The trans-Tasman travel arrangement allows Australian and New Zealand citizens to work and live in each other’s country with minimal restriction and is seen as being a key part of the closer economic arrangement (CER) between the two countries. This arrangement has its origins back to 1920 and predates the CER agreement between the two countries in by over six decades.
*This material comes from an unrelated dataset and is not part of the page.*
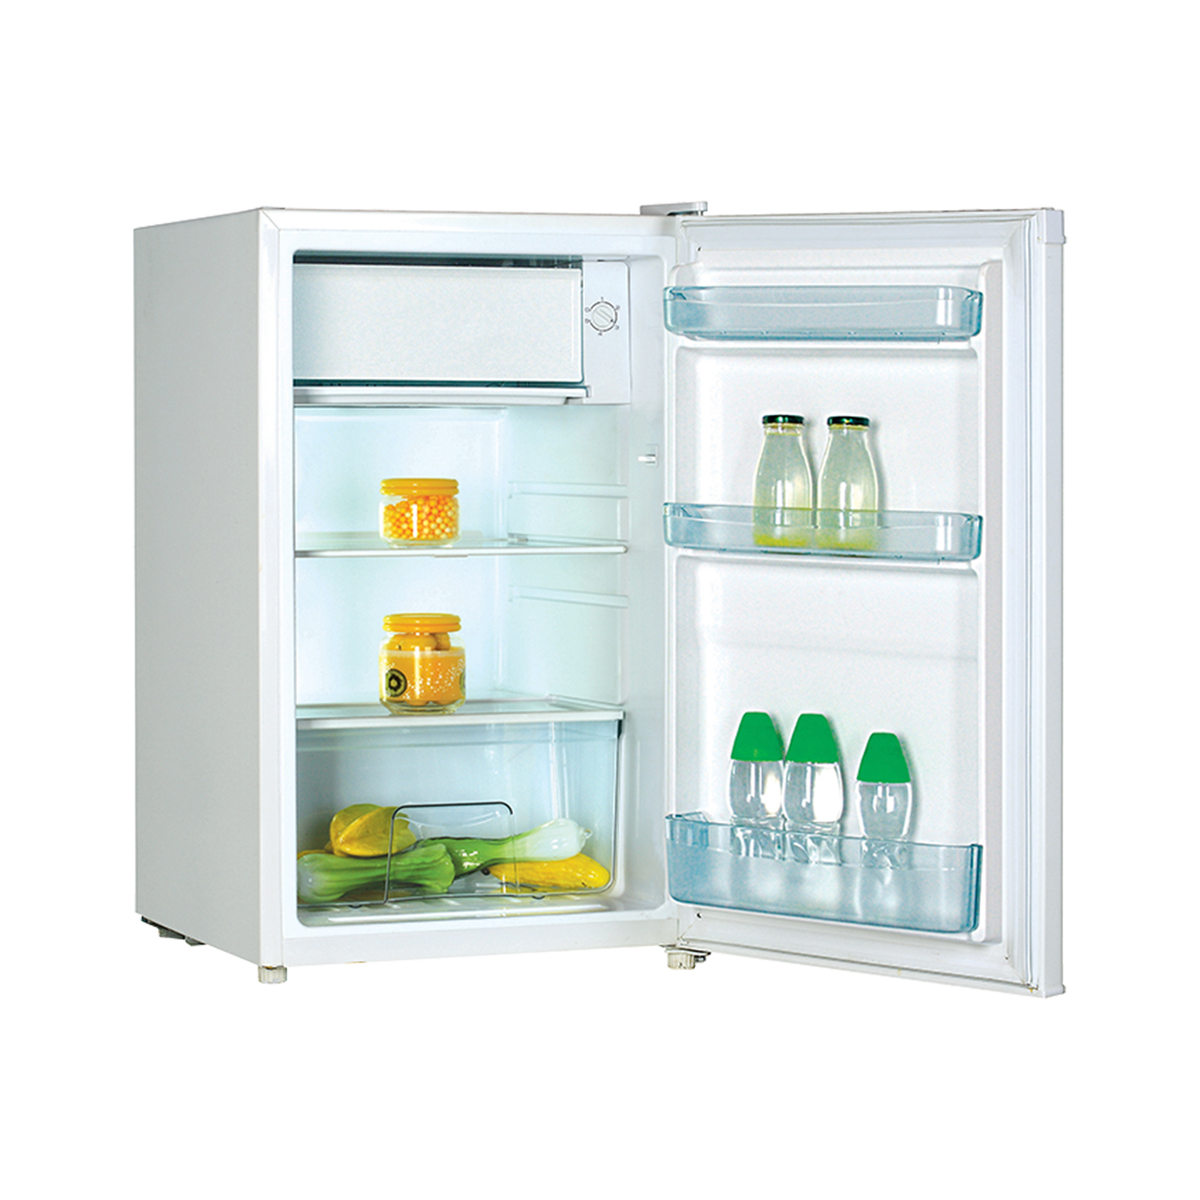 Super General Single Door Refrigerator, 140 L, SGR060 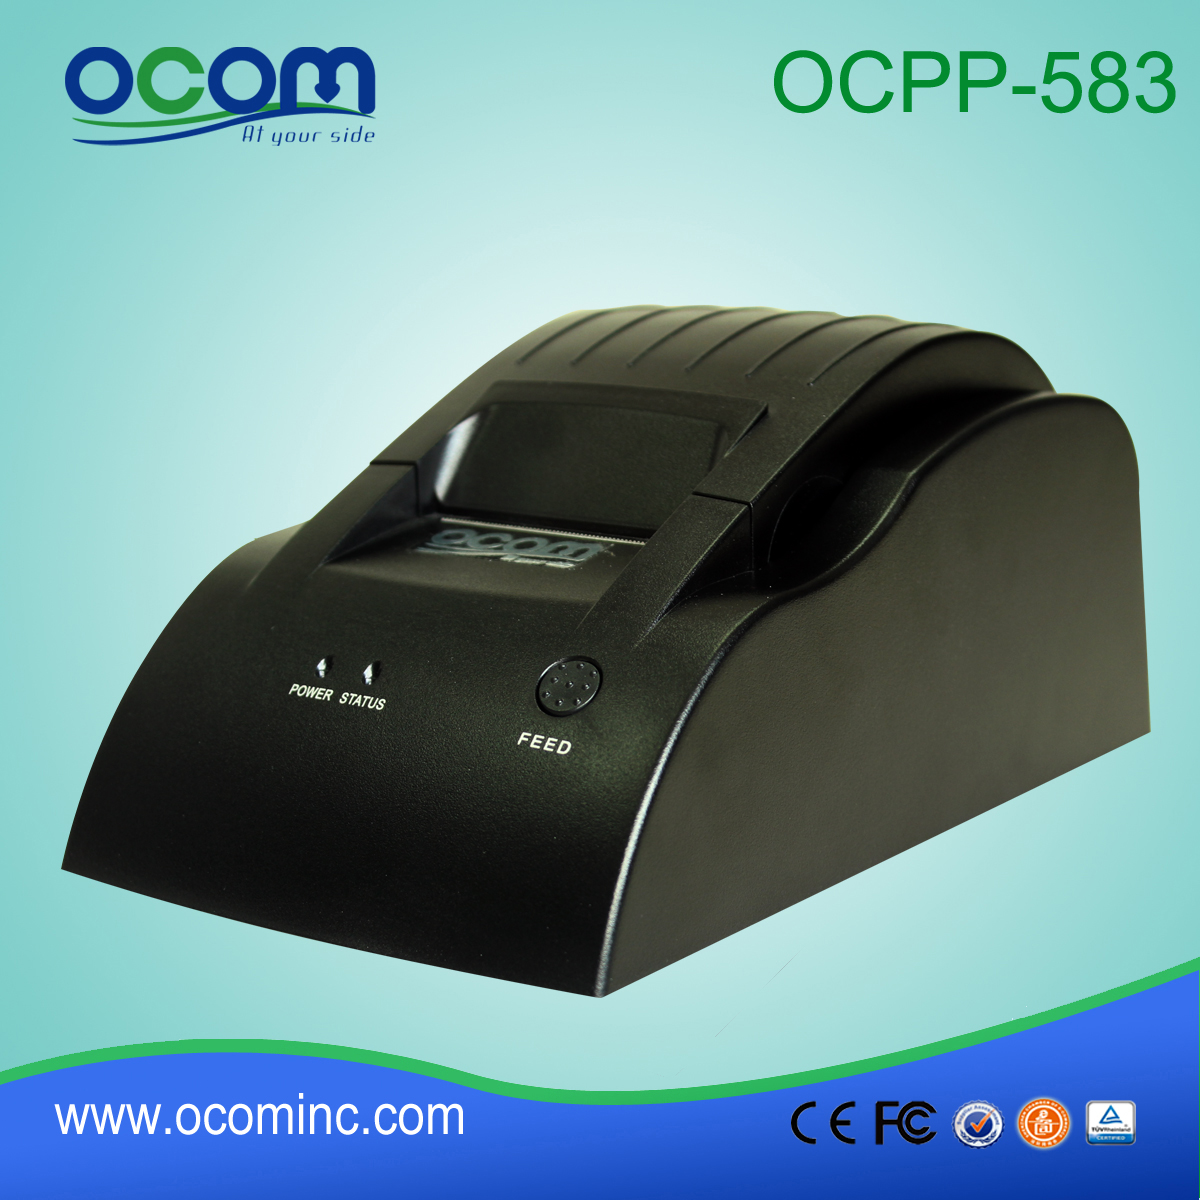 OCPP-583: 2015 niezawodny 58mm zasilania drukarka pokwitowań termiczne, drukarki pos

The travel arrangement and the CER agreement, is also complemented by a comprehensive double tax agreement (DTA) and social security agreement (SSA) between the two countries.The trans-Tasman travel arrangement was of little significance until the late 1960s when a significant pattern of migration emerged of New Zealand citizens to Australia. It has been estimated that by 2012 over 648,000 New Zealand citizens lived in Australia.The trans-Tasman travel arrangement underwent a significant modification when in 2001 Australia unilaterally enacted a new category of non-immigrant visa for New Zealand citizens settling there. While the basic principle of allowing New Zealand citizens the right to work and live in Australia with minimal restriction remained, migrants after February 2001 are no longer treated as permanent residents of Australia and are ineligible for a wide range of social assistance irrespective of the time they are resident in Australia. Nor are they eligible to apply for Australian citizenship unless they qualify for permanent residence status. Thus New Zealand citizens who have settled in Australia since 2001 remain essentially “guest” workers on an indefinite basis.This paper examines the fiscal impact arising from the trans-Tasman travel arrangement after the changes in 2001. It is suggested in this paper that the existing frame works underpinning the social security and income tax agreements between the two countries are inconsistent with the changes unilaterally made by Australia in 2001 to the trans-Tasman travel arrangement. The effects of these current policy settings mean that New Zealand citizens must return to New Zealand if they are in need of social assistance with the cost borne by the New Zealand taxpayer. Longer term if CER is to achieve the benefits sought from a single market, a more coordinated and bilaterally negotiated approach to tax, social security and labour movement needs to be adopted.
跨塔斯曼旅游安排的财政影响:成本太高了吗?
跨塔斯曼岛旅行安排允许澳大利亚和新西兰公民在对方国家工作和生活,限制最小,被视为两国之间更紧密的经济安排(CER)的关键部分。这一安排的起源可以追溯到1920年,比两国之间的CER协议早了60多年。除了旅游安排和CER协议外,两国还签署了全面的避免双重征税协议(DTA)和社会保障协议(SSA)。在20世纪60年代末之前,跨塔斯曼岛的旅行安排意义不大,当时出现了新西兰公民向澳大利亚移民的重要模式。据估计,到2012年,超过64.8万新西兰公民居住在澳大利亚。2001年,澳大利亚单方面为在塔斯曼岛定居的新西兰公民颁布了一项新的非移民签证,这对跨塔斯曼岛旅行安排进行了重大修改。虽然允许新西兰公民在最低限度限制下在澳大利亚工作和生活的基本原则仍然存在,但2001年2月以后的移民不再被视为澳大利亚的永久居民,而且无论他们在澳大利亚居住的时间长短,都没有资格获得各种社会援助。他们也没有资格申请澳大利亚公民身份,除非他们有资格获得永久居留身份。因此,自2001年以来在澳大利亚定居的新西兰公民基本上仍是无限期的“客工”。本文考察了2001年跨塔斯曼旅游安排变化后的财政影响。本文认为,支撑两国之间社会保障和所得税协议的现有框架与澳大利亚在2001年单方面对跨塔斯曼旅行安排所做的改变不一致。这些现行政策的影响意味着,如果新西兰公民需要社会援助,费用由新西兰纳税人承担,他们必须返回新西兰。长期来看,如果CER要实现从单一市场寻求的好处,就需要在税收、社会保障和劳工流动方面采取更加协调和双边谈判的办法。
本文章由计算机程序翻译,如有差异,请以英文原文为准。